:: Given records
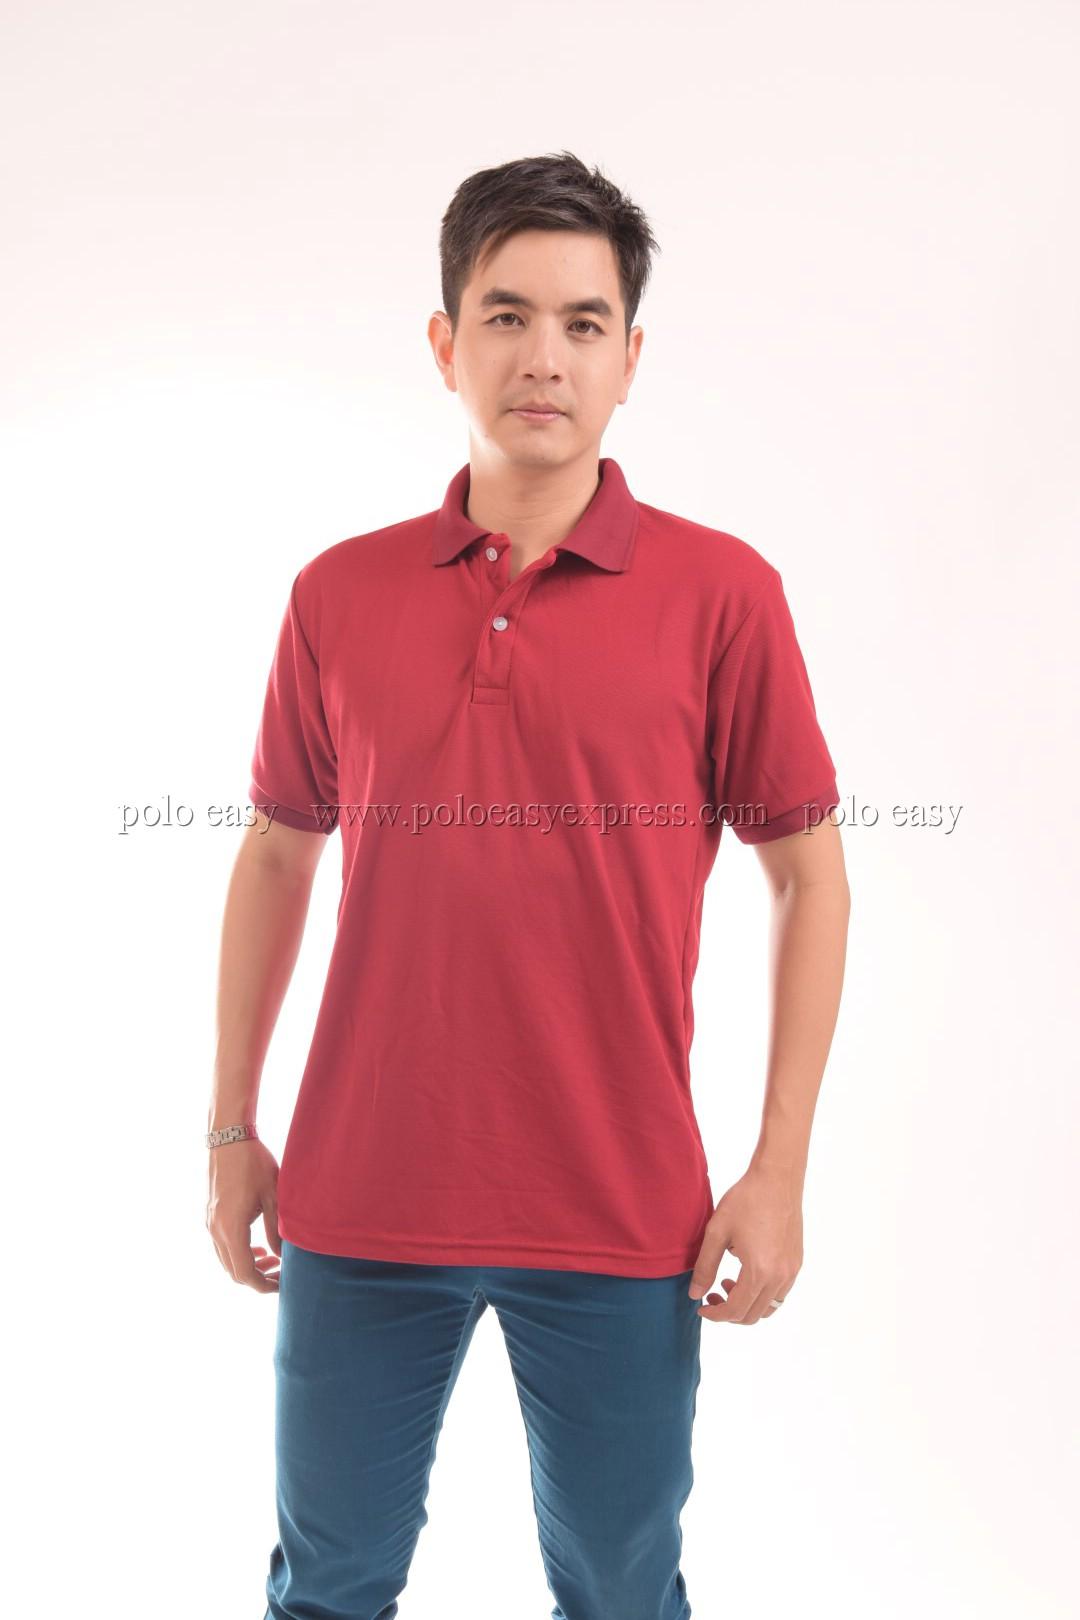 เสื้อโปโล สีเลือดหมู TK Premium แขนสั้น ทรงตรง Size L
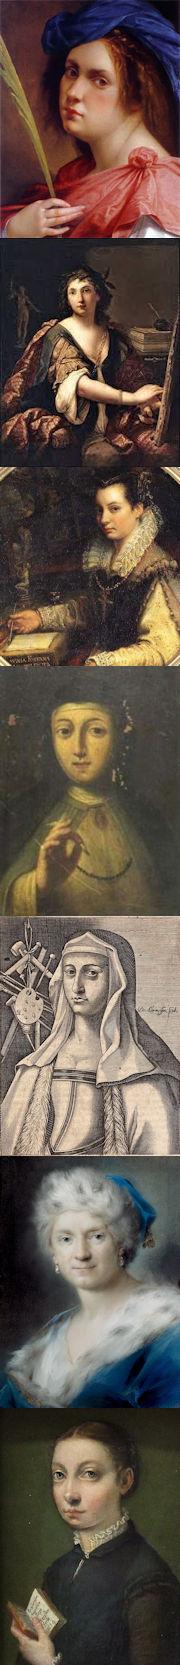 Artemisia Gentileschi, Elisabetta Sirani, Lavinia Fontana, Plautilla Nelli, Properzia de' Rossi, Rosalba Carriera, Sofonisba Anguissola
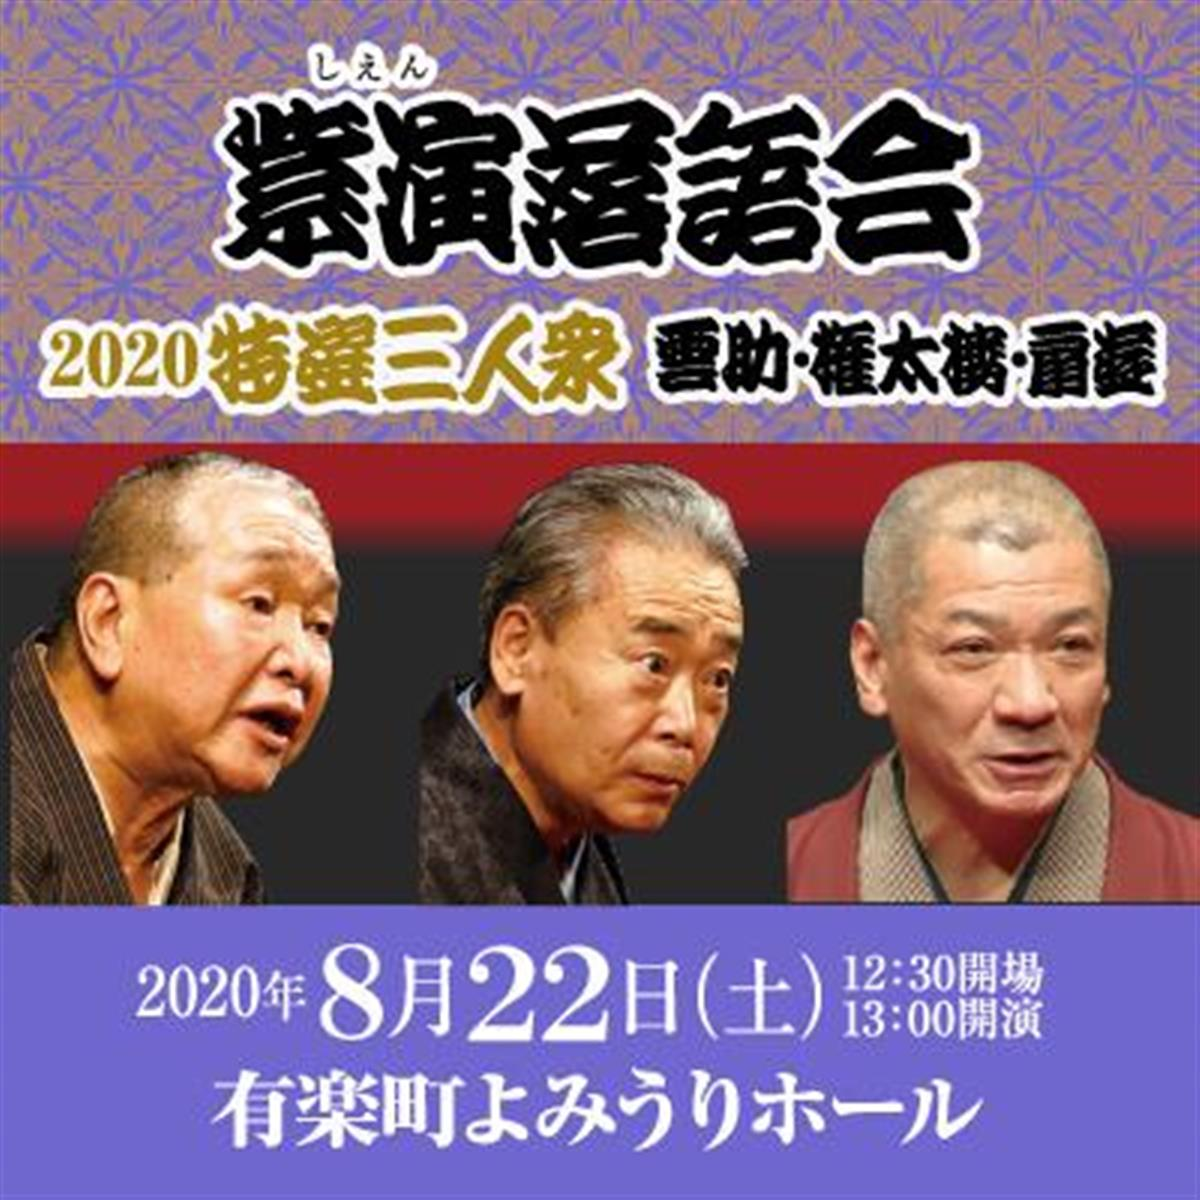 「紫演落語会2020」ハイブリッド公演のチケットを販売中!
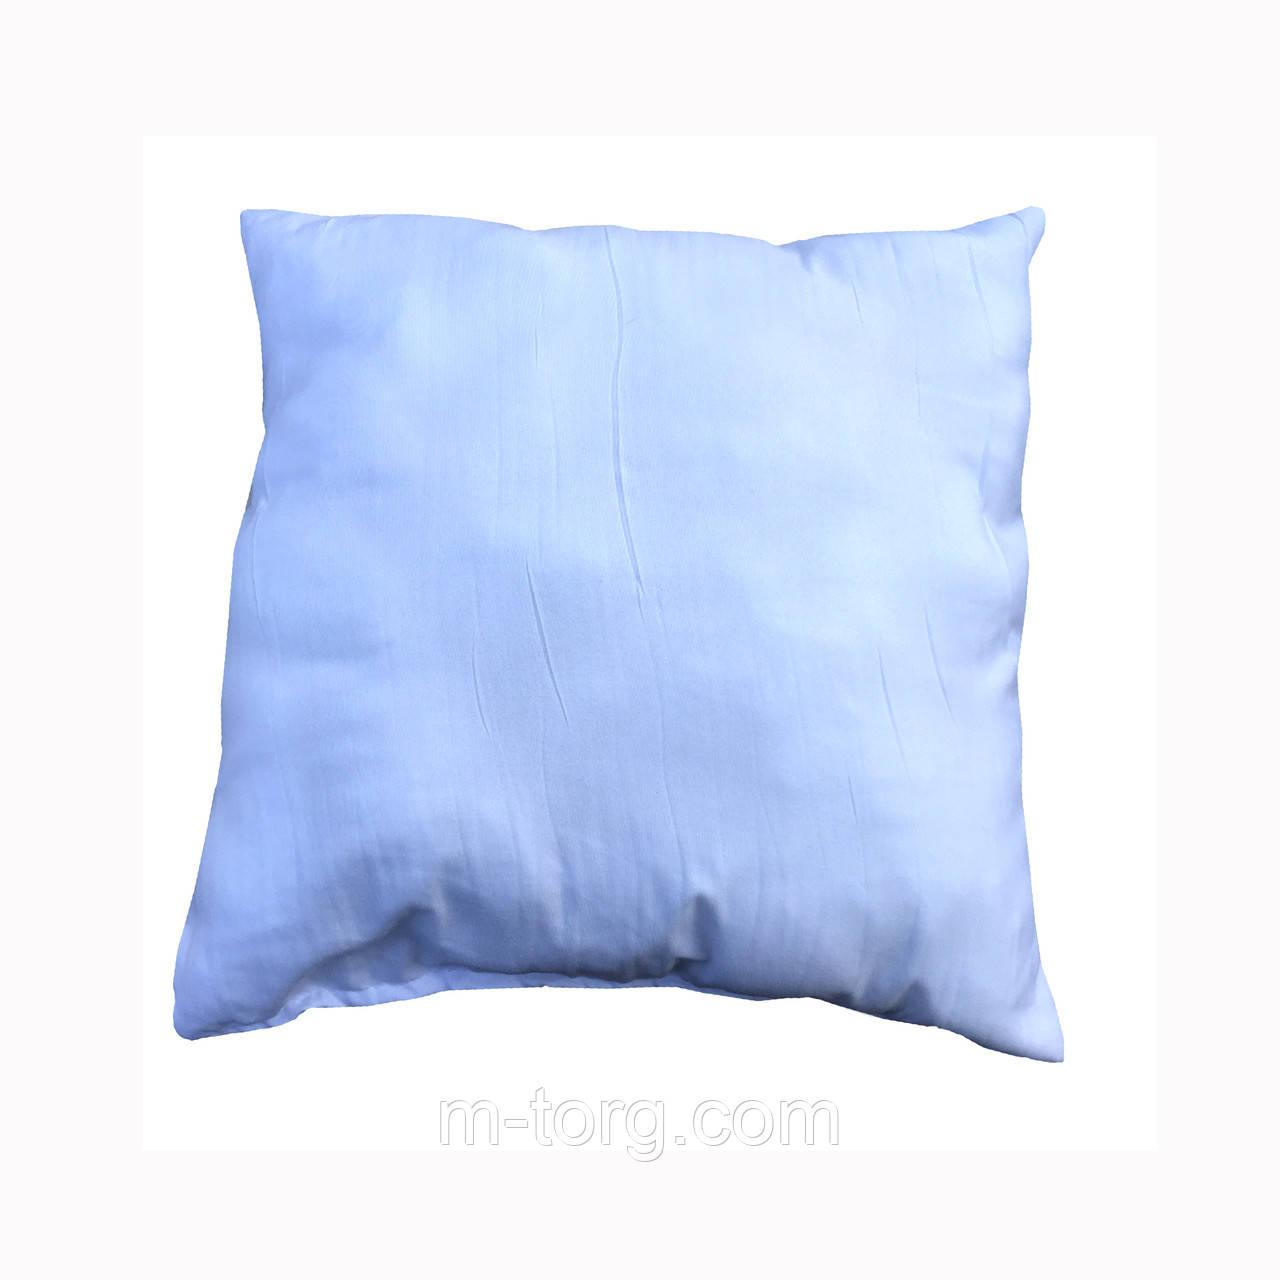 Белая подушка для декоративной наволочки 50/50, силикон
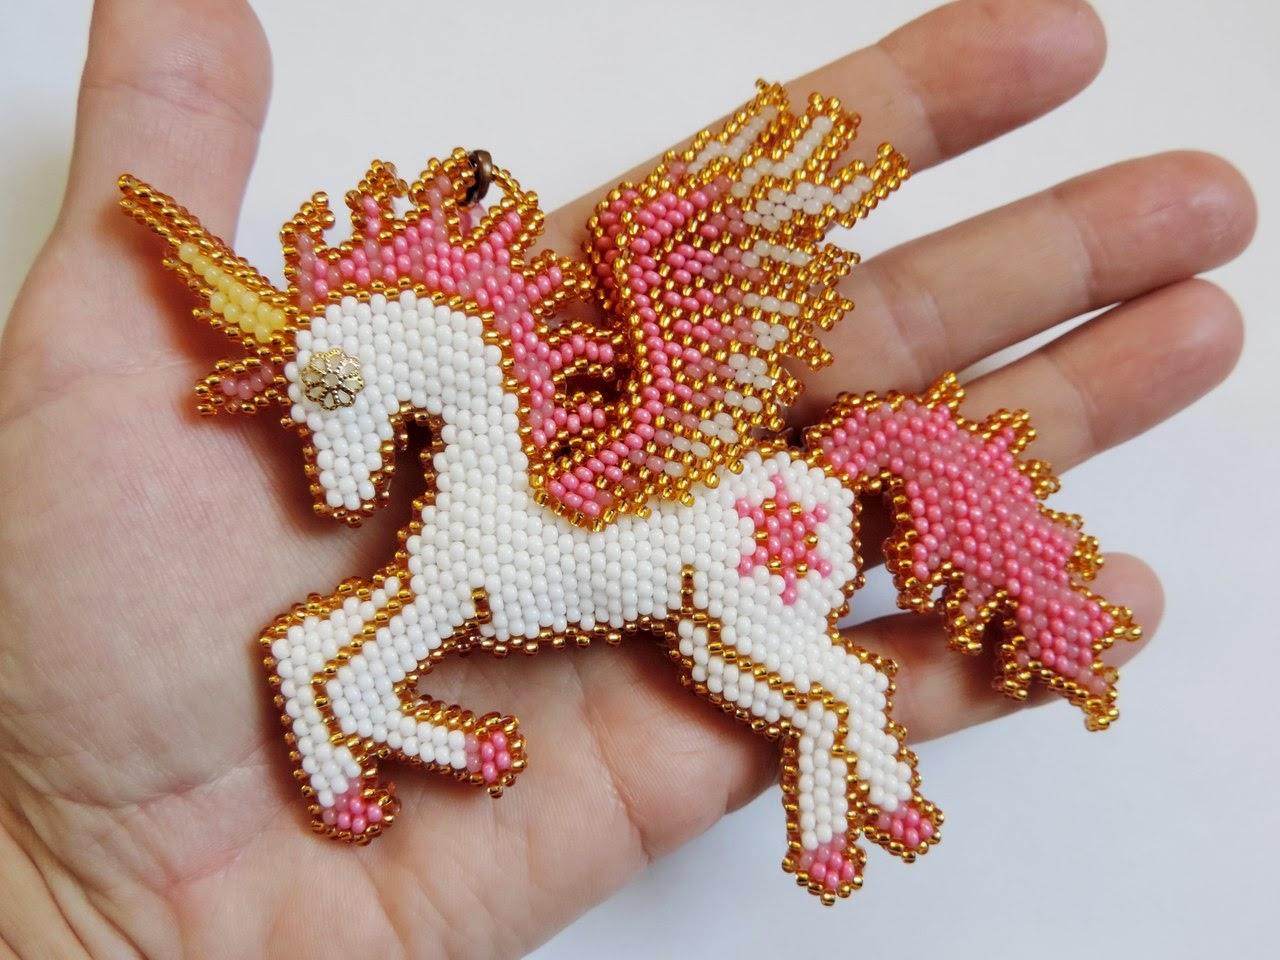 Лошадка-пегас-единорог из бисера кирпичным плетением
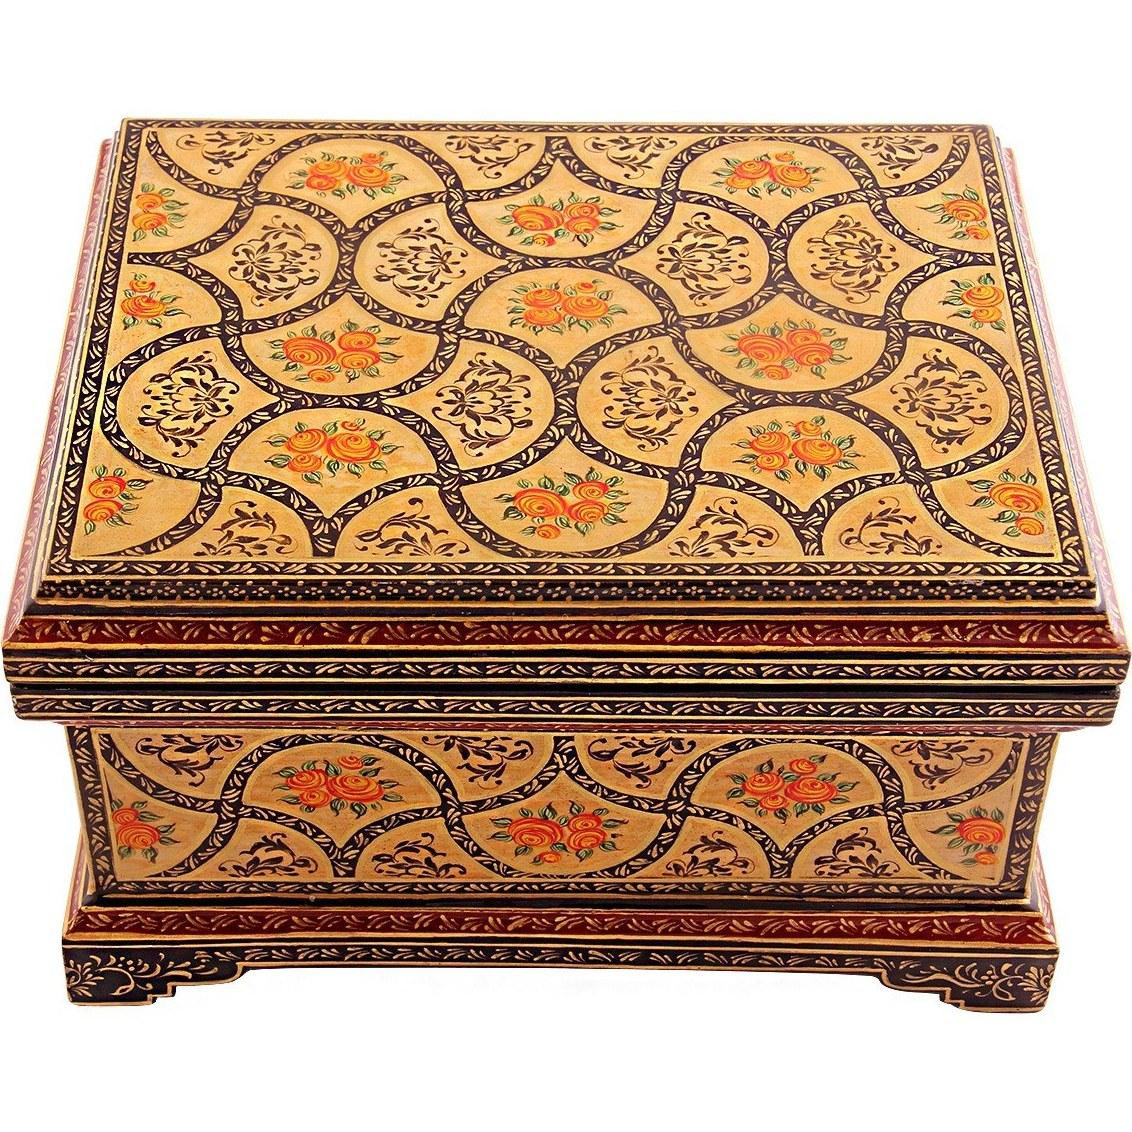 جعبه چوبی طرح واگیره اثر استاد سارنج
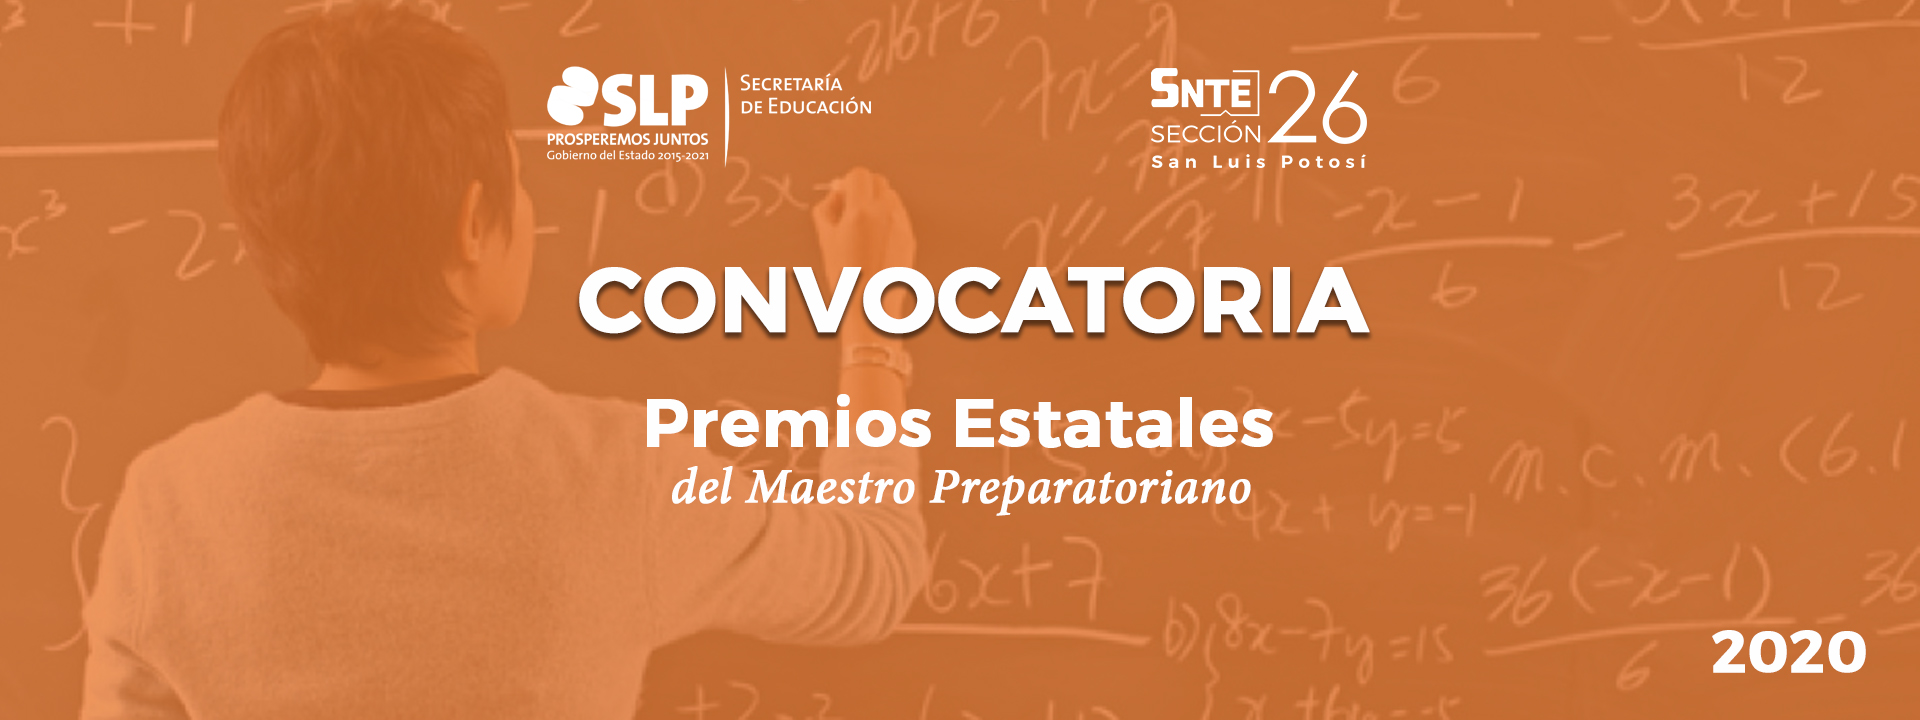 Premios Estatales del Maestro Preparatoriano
::::
Please copy exactly the lines from the one containing "جعبه چوبی طرح واگیره اثر استاد سارنج" through the last line of the records above, both included, and leave out any pictures.

● Task output
 جعبه چوبی طرح واگیره اثر استاد سارنج
 Premios Estatales del Maestro Preparatoriano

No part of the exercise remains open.